Localisation of function in the brain Flashcards
(8 cards)
Describe the differences between the holistic theory, and localised theory of the brain?
-The holistic theory is where people thought all parts of the brain were involved in processing every thought and action
-localisation of brain activity is the theory that different parts of the brain perform different actions/ functions and are involved with different body parts.
What is brain lateralisation?
-The way different hemispheres of the brain have different functions
-e.g. Right hemisphere controls left side of the body and vice versa
What are the 4 lobes of the brain?
-frontal
-parietal
-temporal
-occipital
What are the different areas for each lobe and their function?
-Motor area: (back of the frontal lobe) and is involved with all voluntary movement and damage to this area may result in loss of control over fine movement
-Somatosensory area: (Front of parietal lobe) and is where all sensory information from the skin is represented. The amount of somatosensory area in the brain devoted to a body part denotes how sensitive it is( half of the somatosensory area is used for the receptors in face and hand)

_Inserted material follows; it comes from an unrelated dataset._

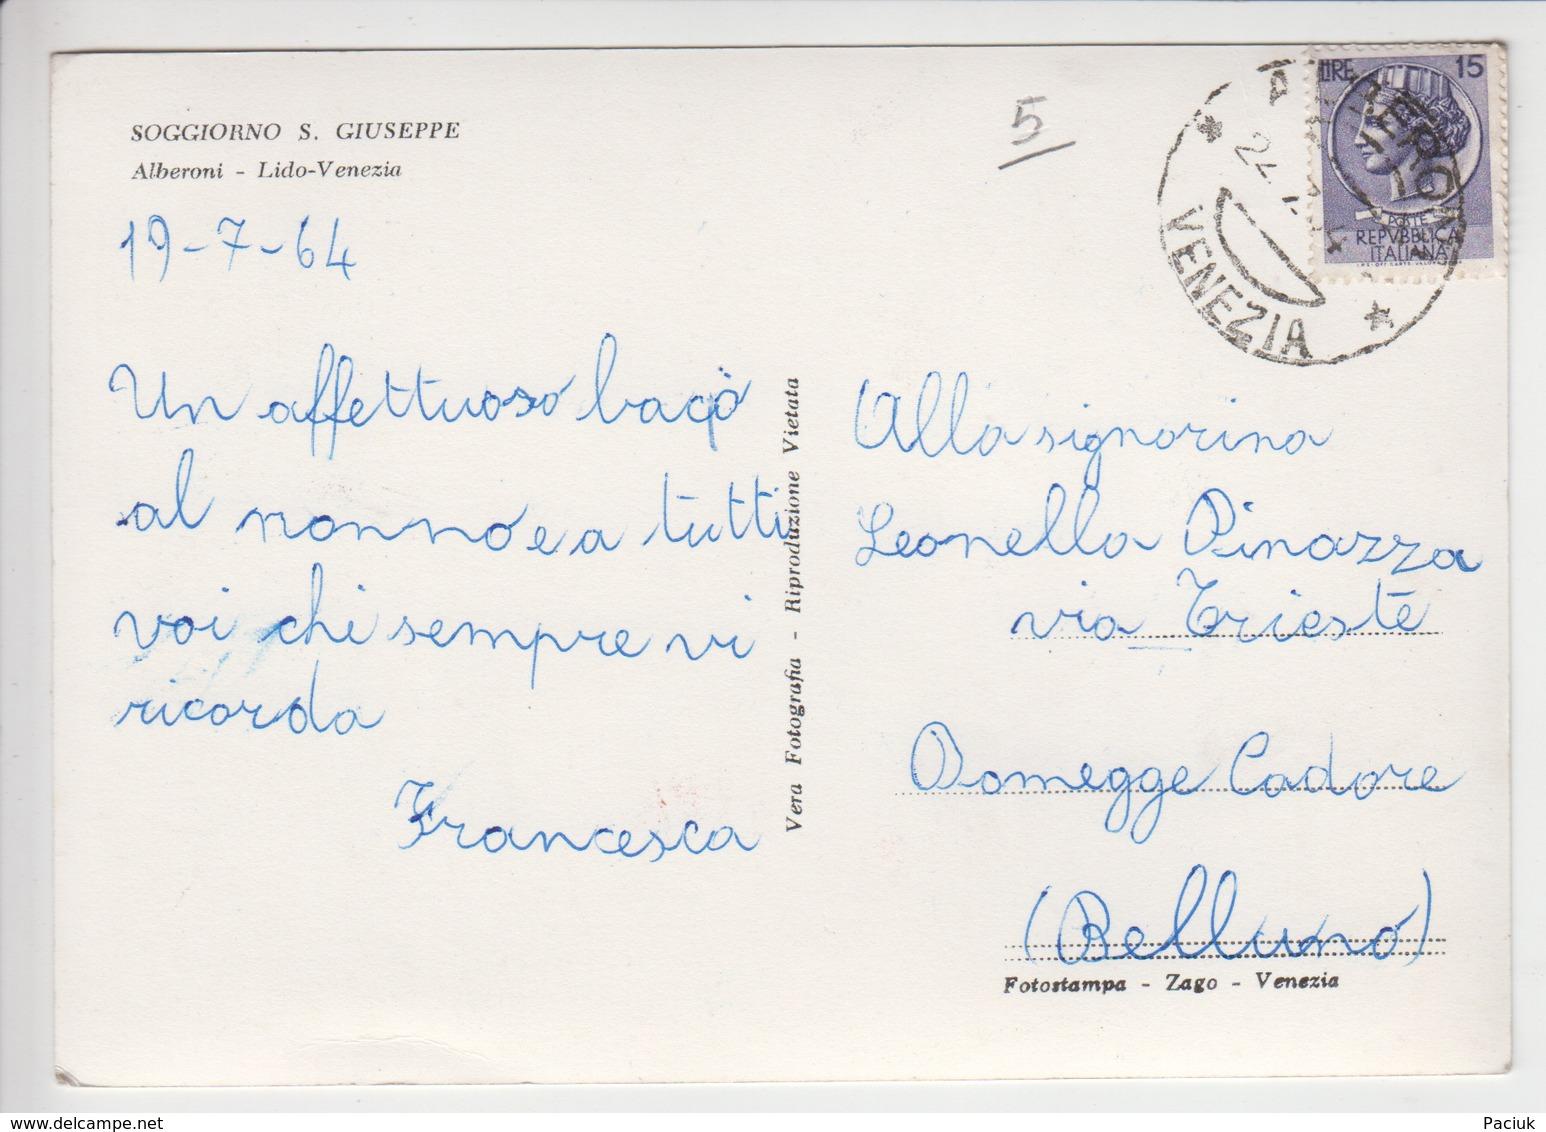 Alberoni Lido Venezia Soggiorno S. Giuseppe - Venezia

-Visual area: (occipital lobe): left eye sends information to right hemisphere and vice versa and damage to this area could cause blindness
-Auditory area: (Temporal lobe): analyses speech based information and damage to this area may produce hearing loss
What was Paul Broca’s research?
-LH involved with language
-Broca found that the left frontal lobe is involved with speech production
-Damage to Broca’s area causes slow laborious speech and was named Broca’s Aphasia
-One patient named ‘Tan’ as that’s all he could say
-People with Broca’s Aphasia struggle with conjunctions
What was Karl Wernicke’s research?
-Wernicke found that the left temporal lobe is responsible for language understanding
-Damage to this area could speak fluently but would produce nonsensical neologisms
-This was named Wernicke’s area
Strengths of localisation of brain function research
-Evidence from neurosurgery: Neurosurgery may be the last method for treating brain disease targetting specific areas of the brain. E.g. Cingulotomy which is the removal of the cingulate gyrus which has been implicated in OCD. Darin Dougherty et al. (2002) reported on 44 people with OCD after 32 weeks after cingulotomy about 30% had met the criteria for a successful response and 14% for partial response.

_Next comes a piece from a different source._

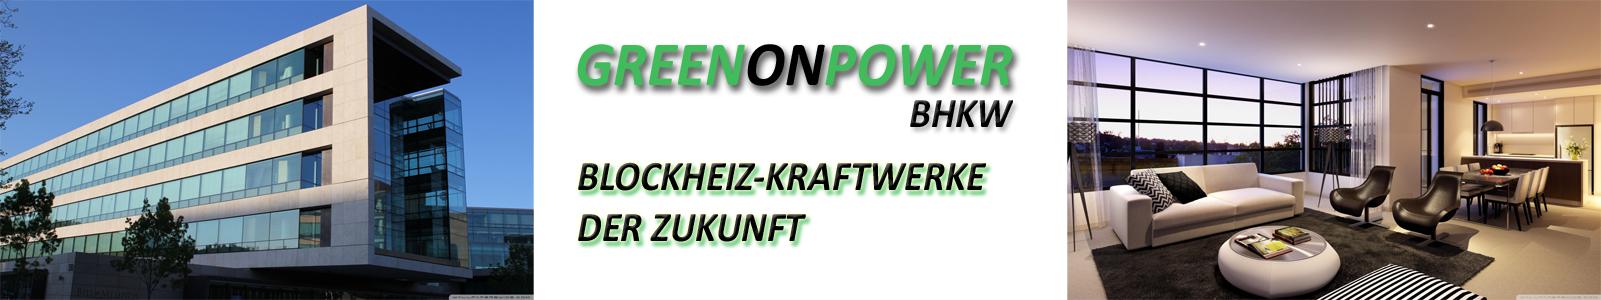 GREENonPOWER BHKW - Blockheizkraftwerk

HOWEVER: 44 small sample size and 30% is not very significant as that means over 50% did not have any changes and would have paid alot for surgery,
-Evidence from brain scans: Steven Petersen et al. (1988) used brain scans to show how Broca’s area was active during the reading task and Wernicke’s area was active during the listening task. Steven Petersen and Buckner (1996) revealed that semantic and episodic memories reside in different parts of the prefrontal cortex
HOWEVER: contrasting research from Karl Lashley (1950): he removed 10-50% of areas from the cortex in rats learning a route through a maze and found no difference between different areas of the brain and needed the whole cortex- supports holistic view (However, only animal studies)

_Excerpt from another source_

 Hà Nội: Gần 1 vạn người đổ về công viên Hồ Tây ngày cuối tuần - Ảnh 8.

-Case study of Phineas Gage: Got a tamping iron through the left frontal lobe of his brain, he survived the injury but it was said he turned from a calm man to quick tempered and “no longer Gage”.
Weaknesses of localisation of brain function?
-Contrasting research into language localisation:
Anthony Dick and Pascale Tremblay (2016) found that only 2% of modern researchers think that language in the brain is completely controlled by wernicke’s and Broca’s area which is enabled through progressions in brain imaging such as fMRI and shown some may be involved in RH.